On June 6, 2012, the OECD released two discussion drafts and a consultation paper on proposed revisions to its transfer pricing guidelines. The documents include discussion drafts on the transfer pricing aspects of intangibles, and on proposed revisions to the safe harbours section of the Transfer Pricing Guidelines (TPG), in addition to a consultation on certain transfer pricing timing issues. According to the OECD, the current guidance in the TPG "has a somewhat negative tone regarding transfer pricing safe harbours" which does not accurately reflect the practice of OECD member countries, a number of which have adopted transfer pricing safe harbour provisions. Also, it says, the current guidance is largely silent with regard to the possibility of a bilateral agreement establishing a safe harbour, even though some countries have favourable experience with such bilateral agreements.

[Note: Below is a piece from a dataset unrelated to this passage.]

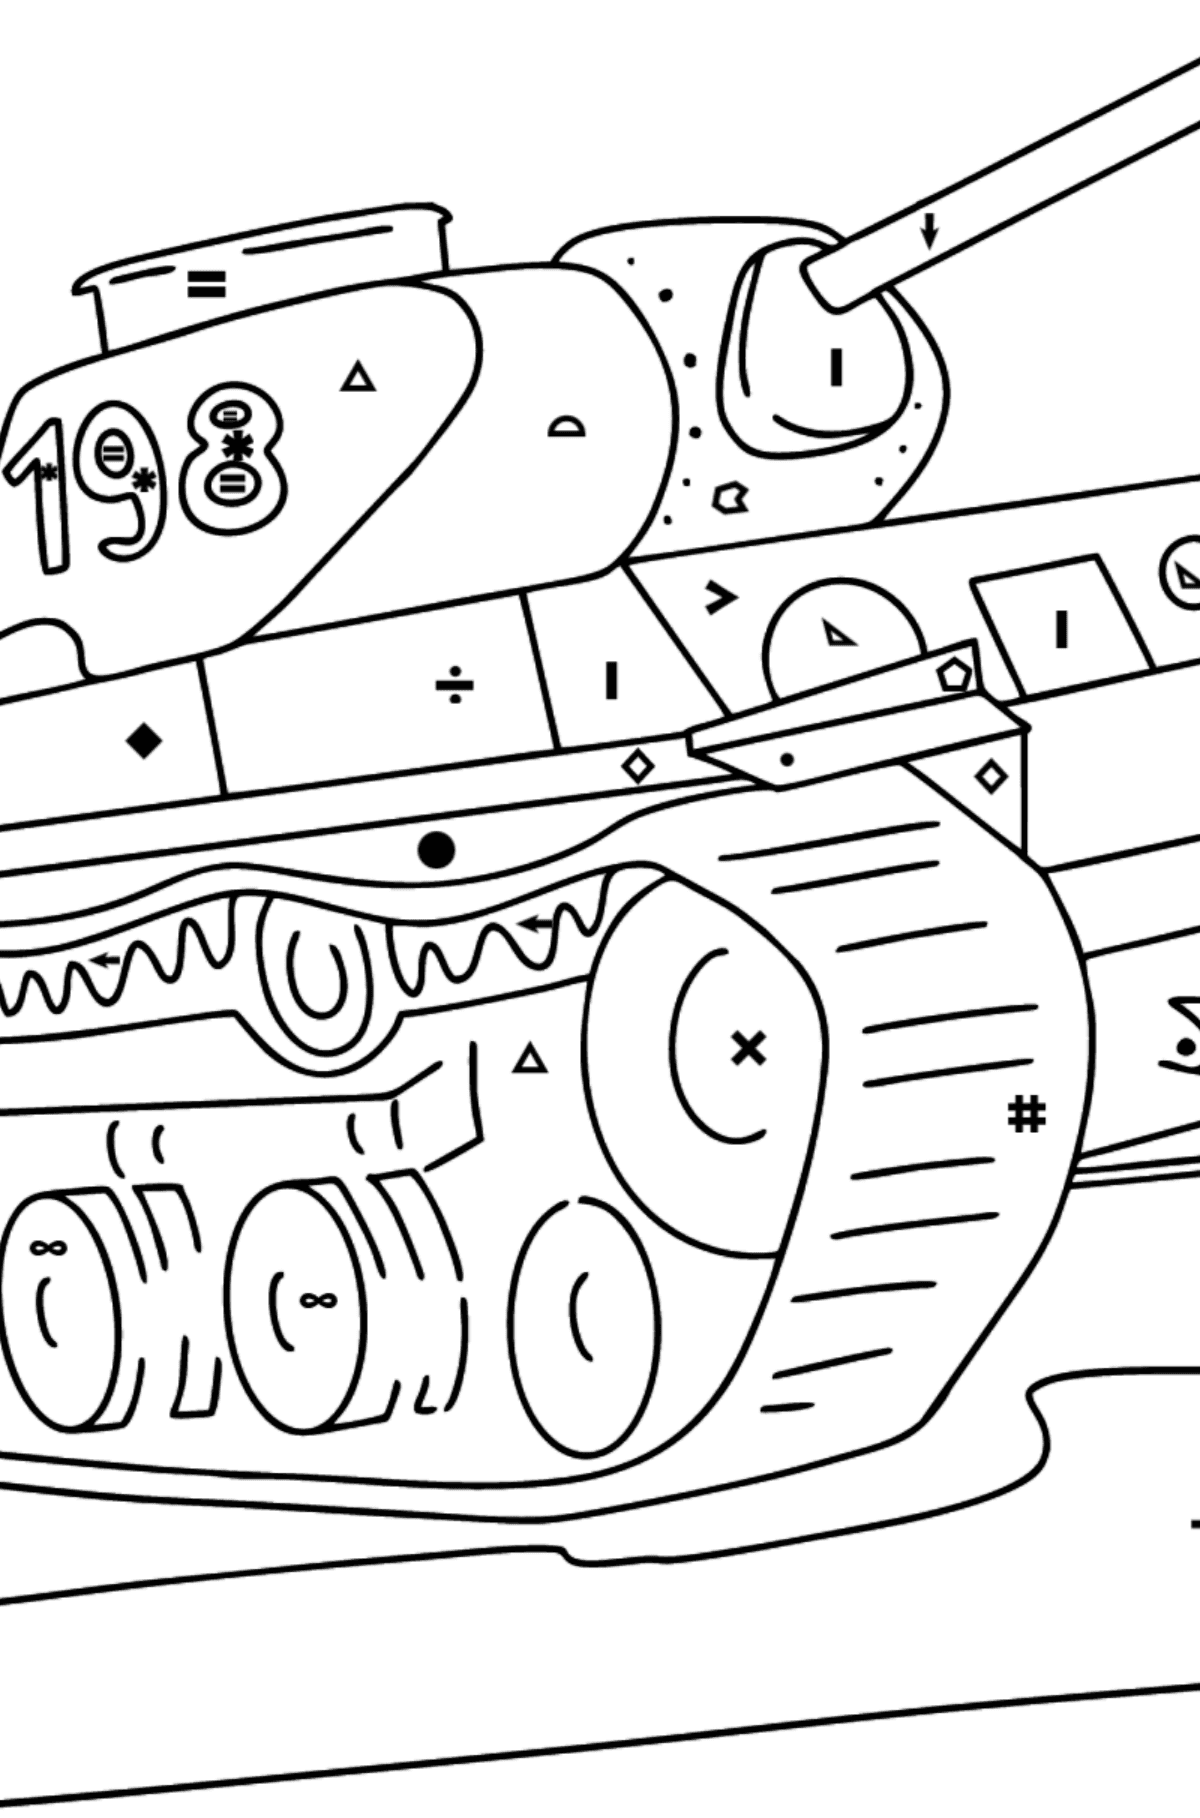 Desenho para colorir de tanque KV 1 - Colorir por Símbolos para Crianças

In November 2012, the OECD held a summit with transfer pricing experts from governments and 100 private sector representatives to consider transfer pricing issues raised in discussion drafts on Intangibles, Safe Harbors and Timing Issues published in June. Almost 1,400 pages of comments were received by the OECD on these topics, including 132 comment letters from business representatives. The OECD Committee on Fiscal Affairs intends to release final guidance on safe harbor provisions and a revised discussion draft on intangibles in 2013.
Delegates agreed that during the coming year the Global Forum would carry out a transfer pricing risk assessment, developing a detailed "how-to" manual which will establish good practices for governments when they assess transfer pricing risk at the beginning of an audit. This culminated in the release of a new draft Handbook on Transfer Pricing Risk Assessment on April 30, 2013, which aims to set out clear and detailed steps national authorities can take to assess the transfer pricing risk presented by an individual taxpayer's operations. According to the OECD, it is intended to be sufficiently detailed to serve as a manual, for both developing and developed countries, that can be followed by nations when developing their own risk assessment approaches.
So, in summary, the OECD's attempts to simplify transfer pricing rules are laudable. But with tax authorities diverting more resources into this area of compliance, it doesn't look as if things are suddenly about to get any easier for groups of companies with international operations. Indeed, tax experts are advising companies themselves to increase their own resources in this area, and engage with tax authorities as much as possible in order to avoid any nasty legal surprises.